Efektem będzie uzyskanie wyzwalającego daru mentalnej przestrzeni, dzięki której będziemy mogli zadać sobie pytanie: „W jaki sposób inni ludzie (a nawet samo życie) mogą różnić się od naszego ustawienia domyślnego, przez które koncentrujemy się na sobie?”. Wallace jest wolny na tyle, by zajrzeć w głąb siebie i zadać sobie pytanie, czy na przykład kobieta, która irytuje go od trzech dni, krzycząc na swoje dziecko, być może „nie śpi już trzy noce z rzędu, trzymając dłoń umierającego na raka męża”23. W takim przypadku krzyk byłby bardziej zrozumiały. Musimy kultywować zwyczaj bycia świadomym naszych pojawiających się myśli i wybierania tych, które faktycznie zasługują na uwagę. Gdy jesteśmy w stanie pokonać lub zmienić ustawienia domyślne głęboko zakorzenionego egocentryzmu, możemy także poszerzyć zdolność kwestionowania własnego myślenia.

Ostatecznie Wallace nie proponuje skutecznego leku na ludzkie problemy. Wskazuje jednak dobry kierunek – łaskę modlitwy. „Nie istnieje coś takiego jak brak modlitwy. Każdy się modli. Jedynym wyborem jest, coczcimy. Istotnym powodem wyboru jakiegoś bóstwa lub duchowej rzeczywistości, którą postanawiamy czcić, czy będzie to Jezus Chrystus lub Allah, czy też bogini-matka związana z kultem Wicca, czy […] nienaruszalny zestaw zasad etycznych – jest fakt, że właściwie wszystko inne pożre cię żywcem”24. Rozumowanie Wallace’a staje się jednak niejasne, gdy radzi wybrać „jakieś bóstwo lub duchową rzeczywistość”, by uniknąć niebezpiecznych konsekwencji braku takiego wyboru. To coś w stylu zakładu Pas­cala, z którego uszło powietrze.

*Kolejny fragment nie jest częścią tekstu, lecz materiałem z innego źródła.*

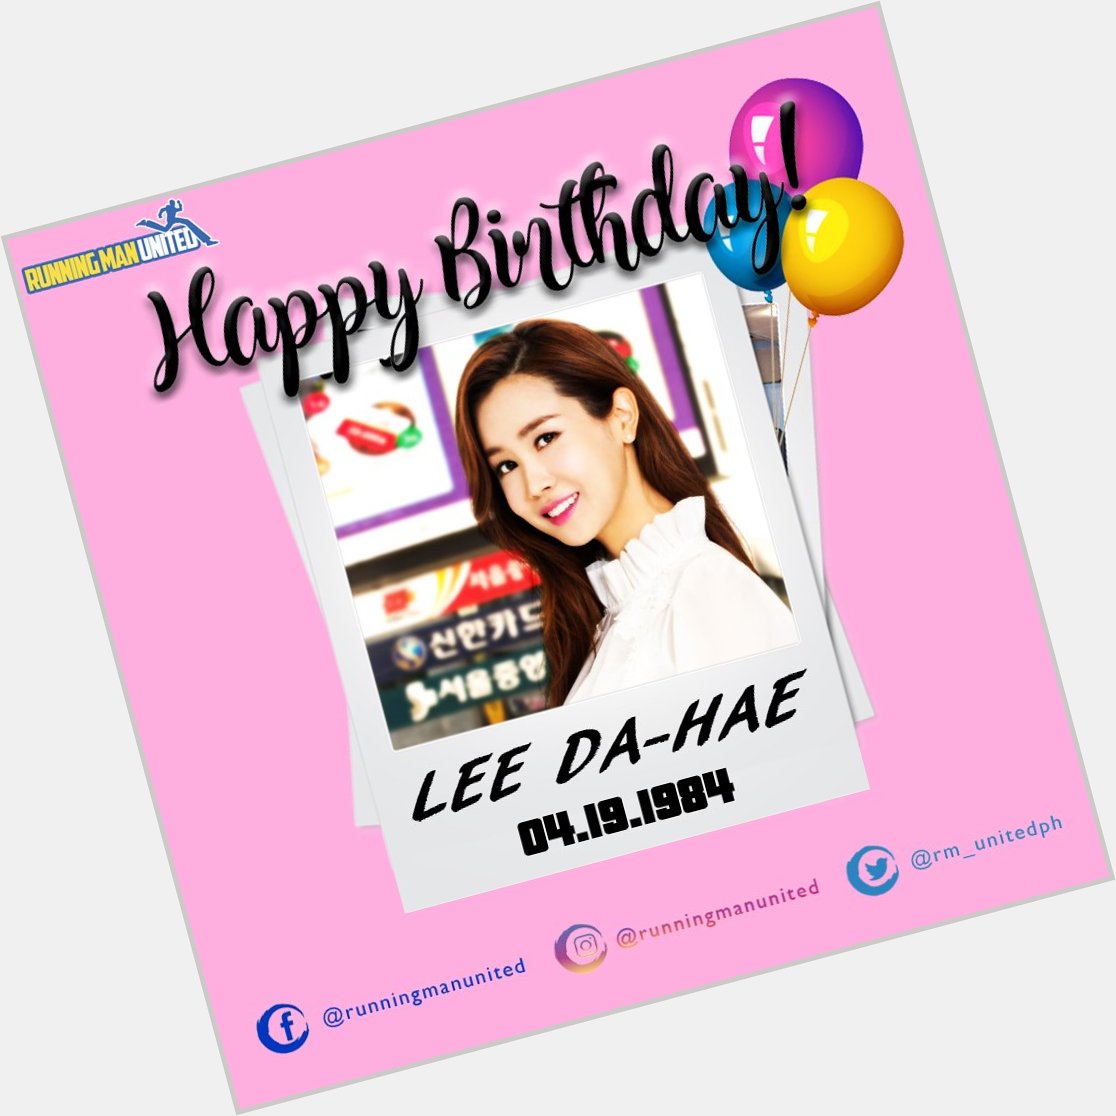 Happy Birthday Lee Da-hae!

Dylemat opisany przez Wallace’a jest doskonale znany w całej chrześcijańskiej tradycji. Flannery O’Connor, dwudziestowieczna amerykańska mistrzyni opowiadań, notuje w swym pamiętniku: „nie znam Cię, Boże, ponieważ stoję Ci na drodze”25. Wallace także wie, że stoi na drodze. Jednak pomiędzy O’Connor a Wallace’em istnieje poważna różnica. O’Connor zwraca się do Boga. Jej konstatacja „stania na drodze” jest owocem bycia w żywej i miłosnejrelacjiz Bogiem. Wallace z kolei wydaje się myśleć, że to my sami, jedynie poprzez świadomość, jesteśmy w stanie zmienić owe głęboko zakorzenione schematy egocentrycznych zachowań. Nasza rola jest oczywiście konieczna, ale sama w sobie niewystarczająca. W dalszej części tej książki prześledzimy nieoczekiwane pojawienie się łaski w życiu holenderskiej Żydówki i pisarki Etty Hillesum.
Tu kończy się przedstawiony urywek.